What you should do
For any picture in the lines below, please leave it out and copy the rest exactly.

Collected material
== Segment start ==

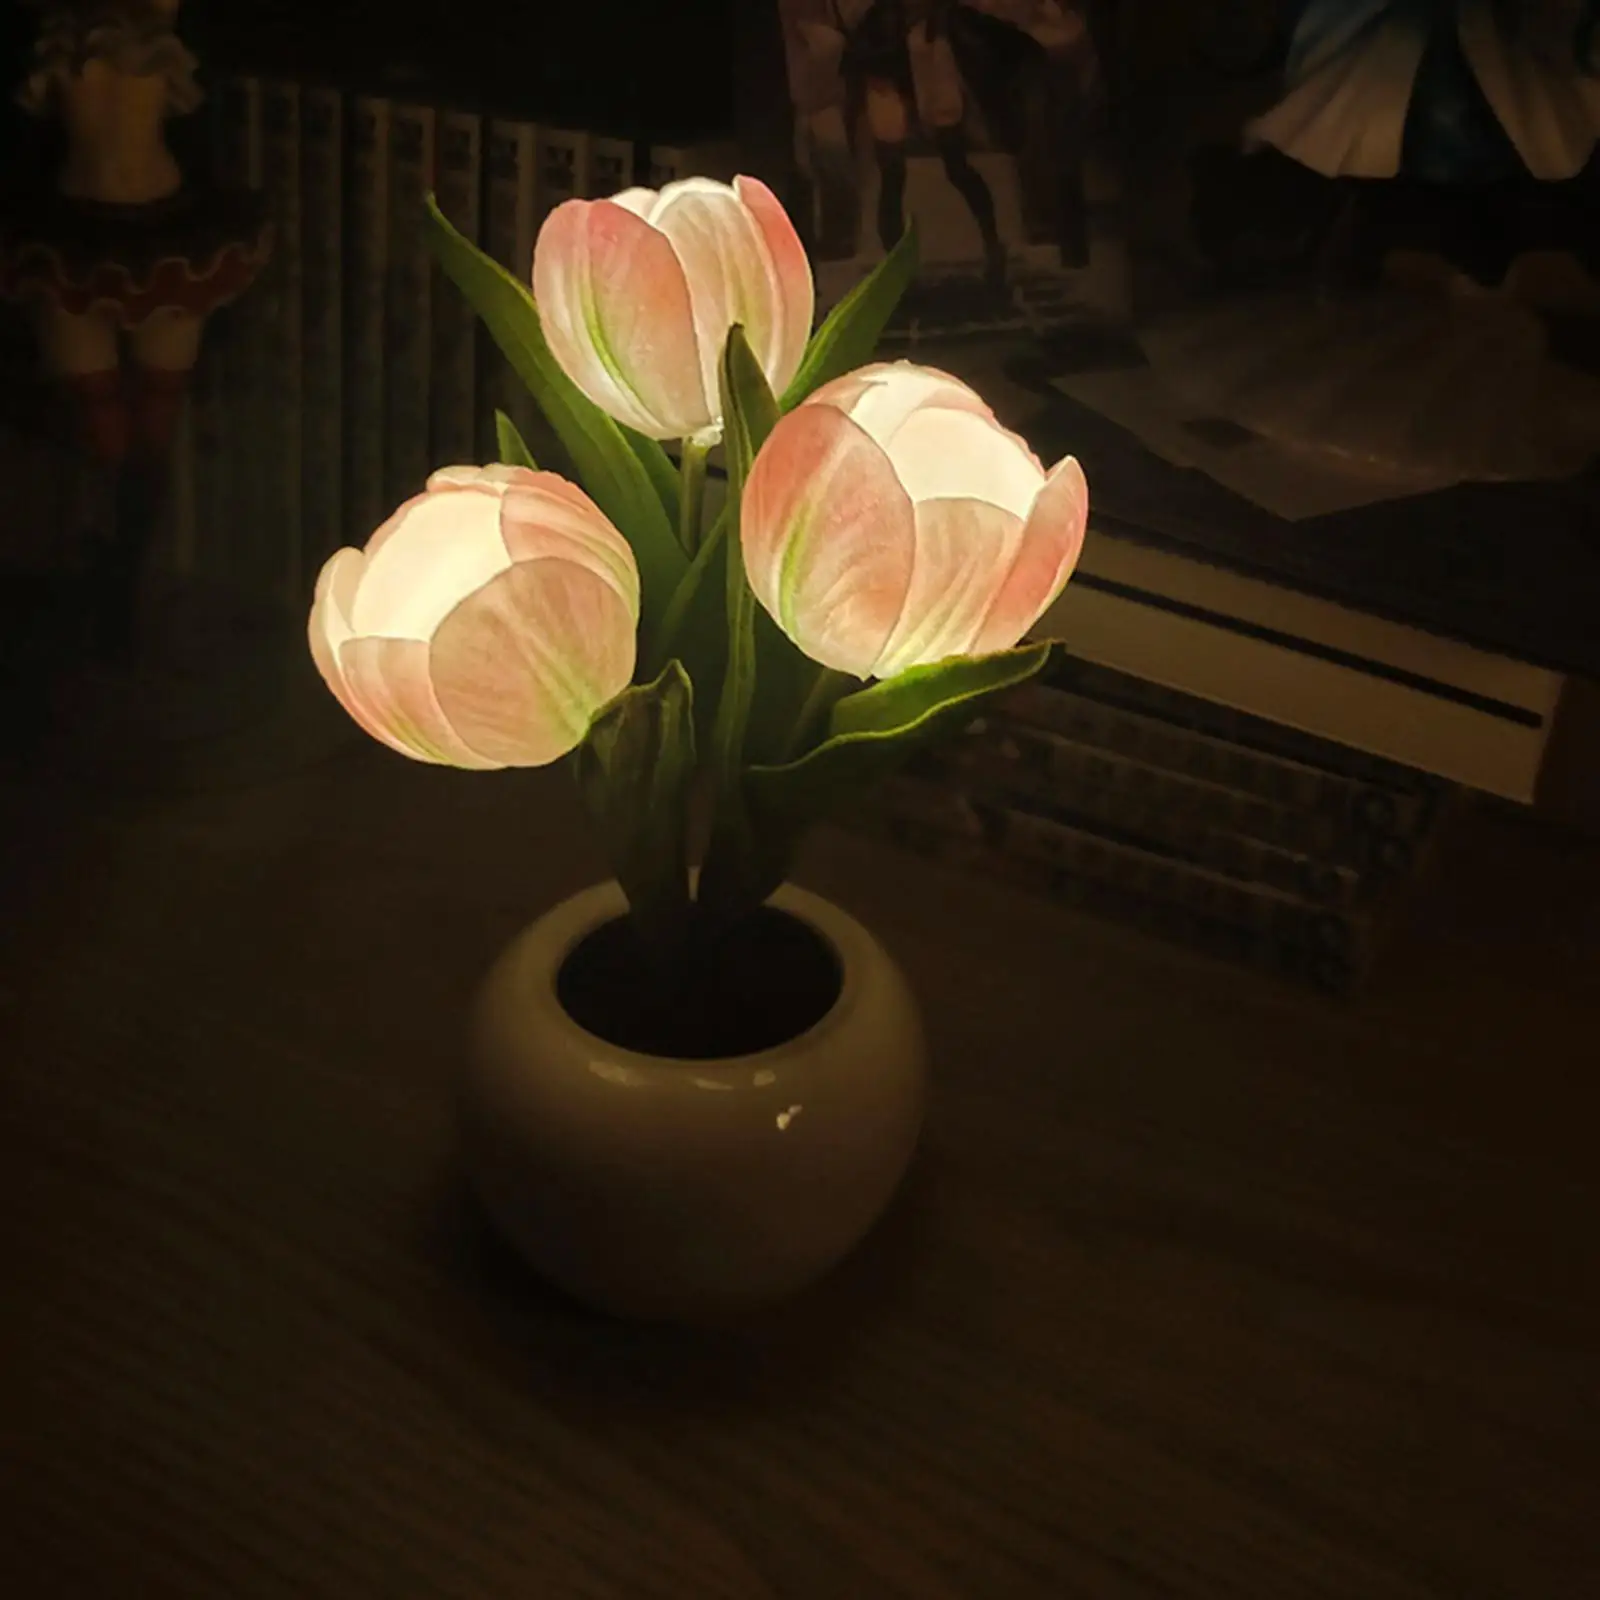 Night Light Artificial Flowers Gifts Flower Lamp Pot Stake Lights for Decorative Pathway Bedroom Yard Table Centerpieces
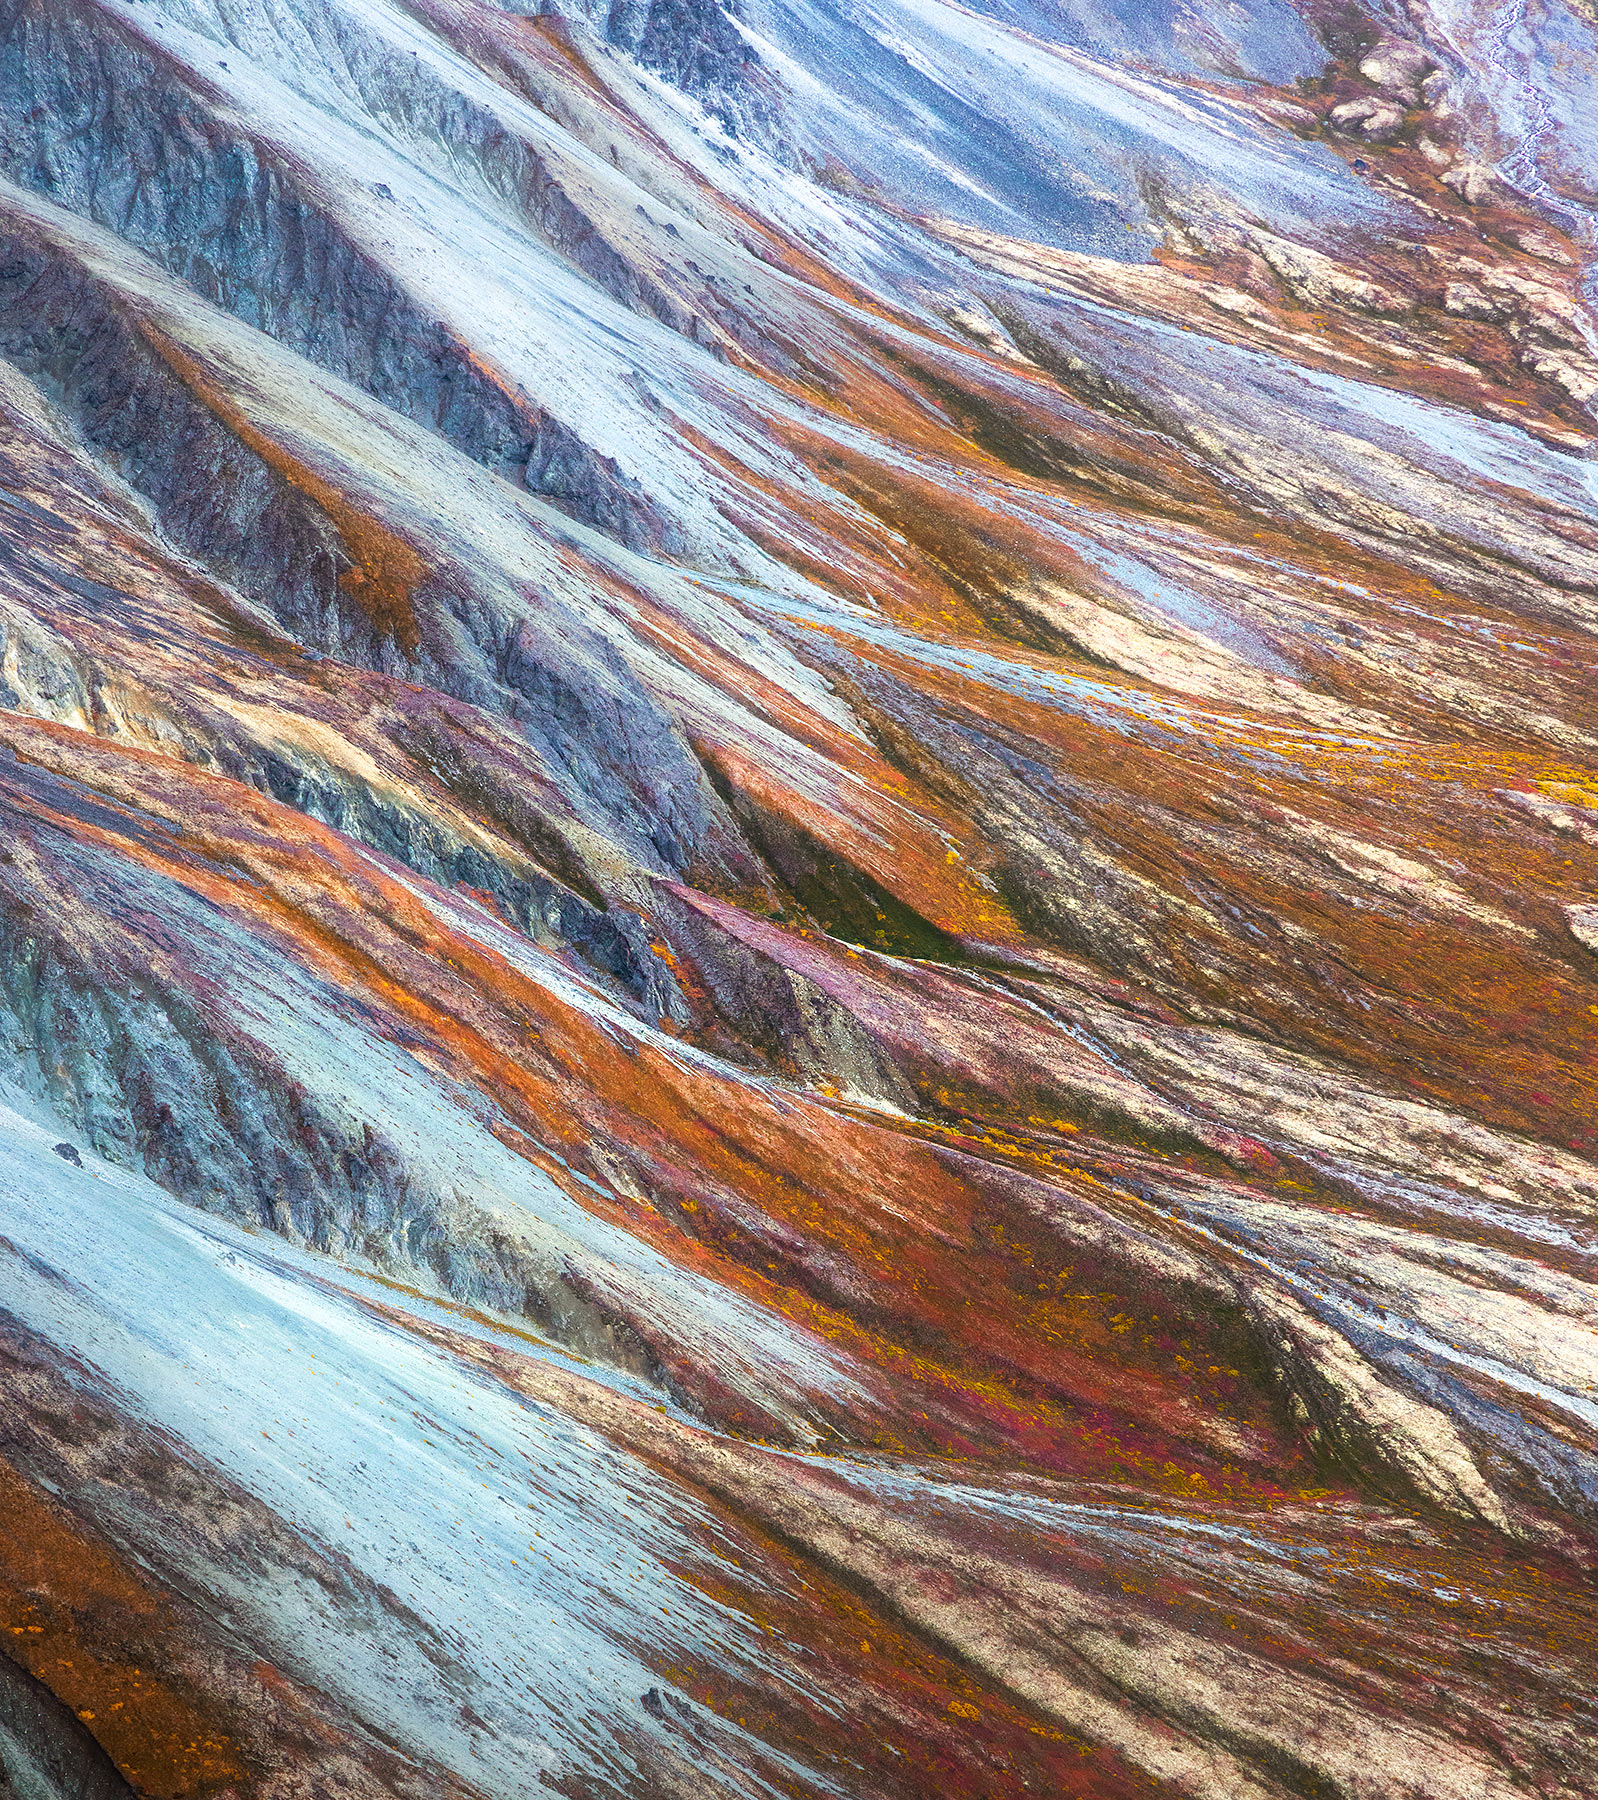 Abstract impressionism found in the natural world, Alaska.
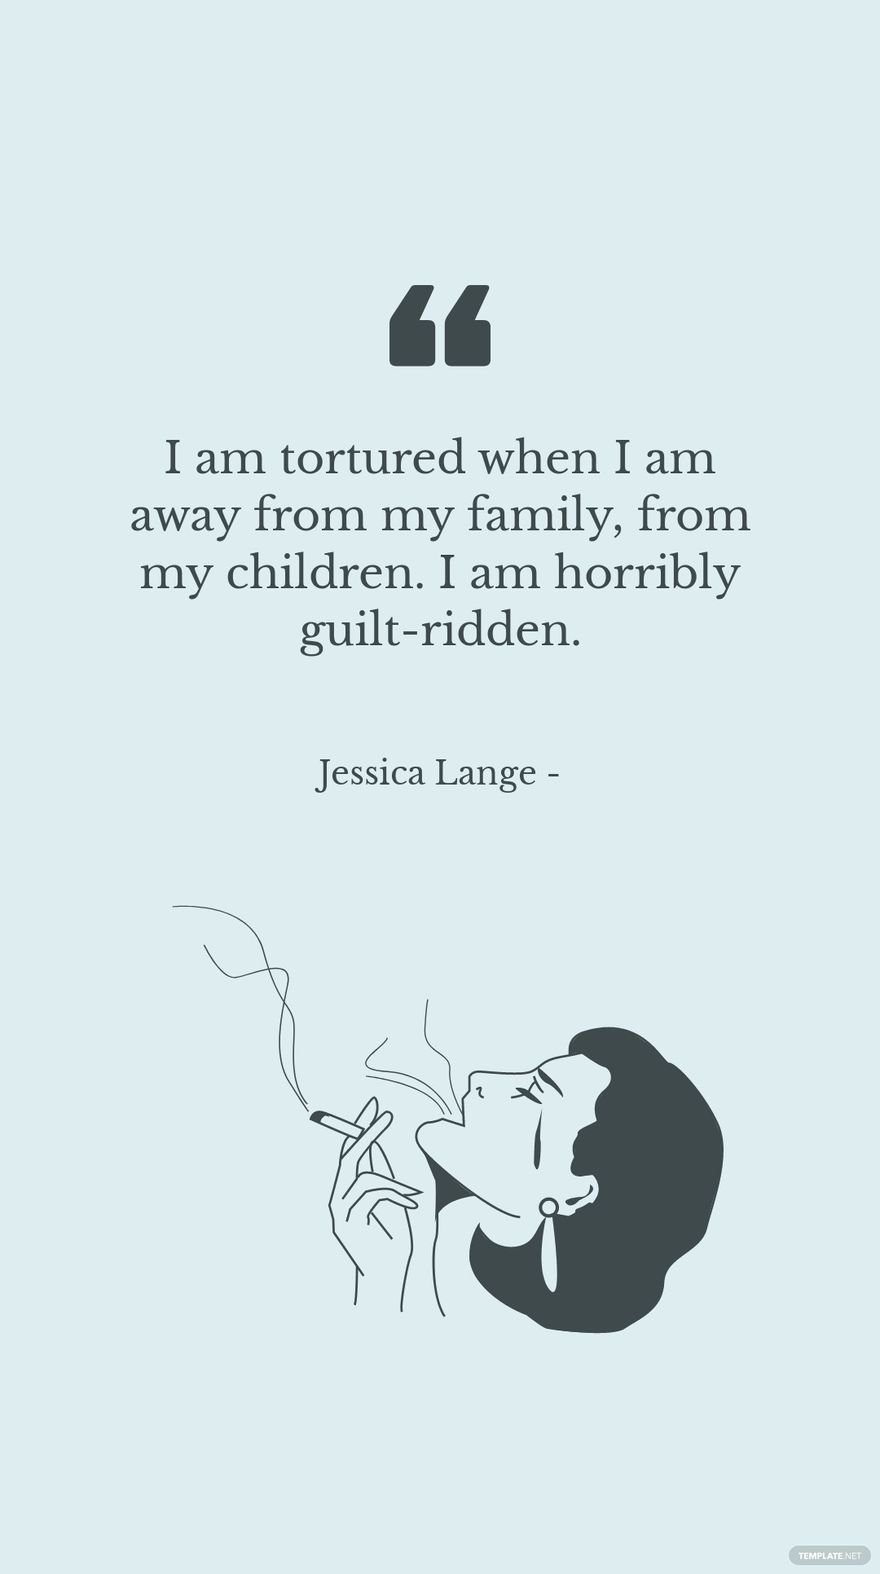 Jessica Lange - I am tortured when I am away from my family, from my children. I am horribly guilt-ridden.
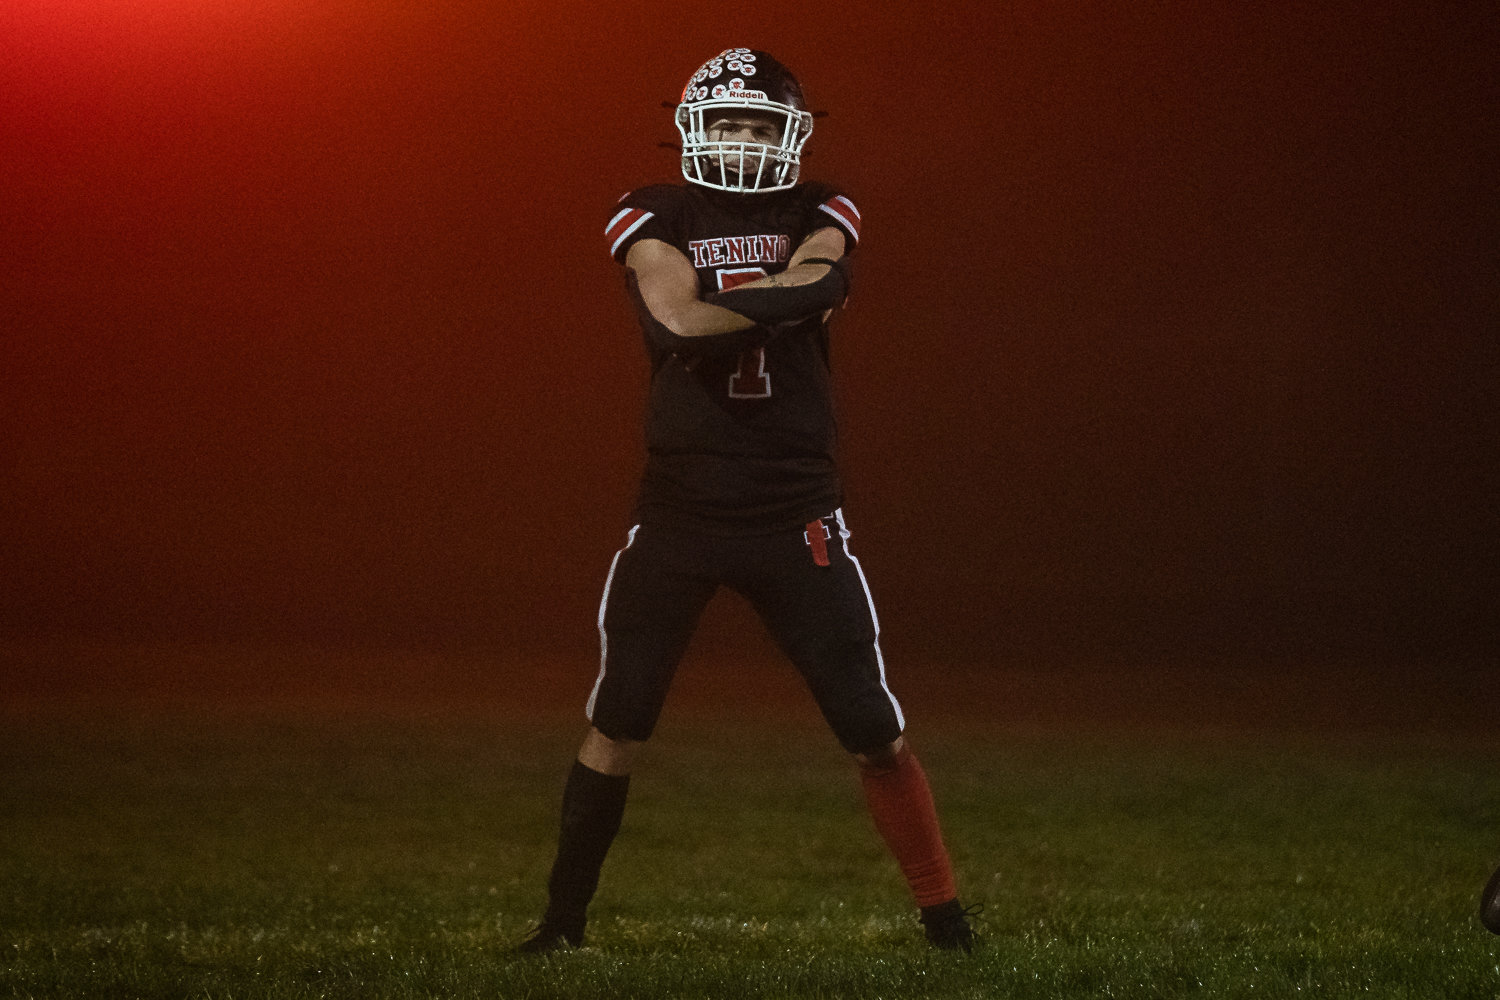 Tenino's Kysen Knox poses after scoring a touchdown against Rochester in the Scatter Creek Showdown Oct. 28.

== Segment end ==

Expected answer
 Night Light Artificial Flowers Gifts Flower Lamp Pot Stake Lights for Decorative Pathway Bedroom Yard Table Centerpieces
 Abstract impressionism found in the natural world, Alaska.
 Jessica Lange - I am tortured when I am away from my family, from my children. I am horribly guilt-ridden.
 Tenino's Kysen Knox poses after scoring a touchdown against Rochester in the Scatter Creek Showdown Oct. 28.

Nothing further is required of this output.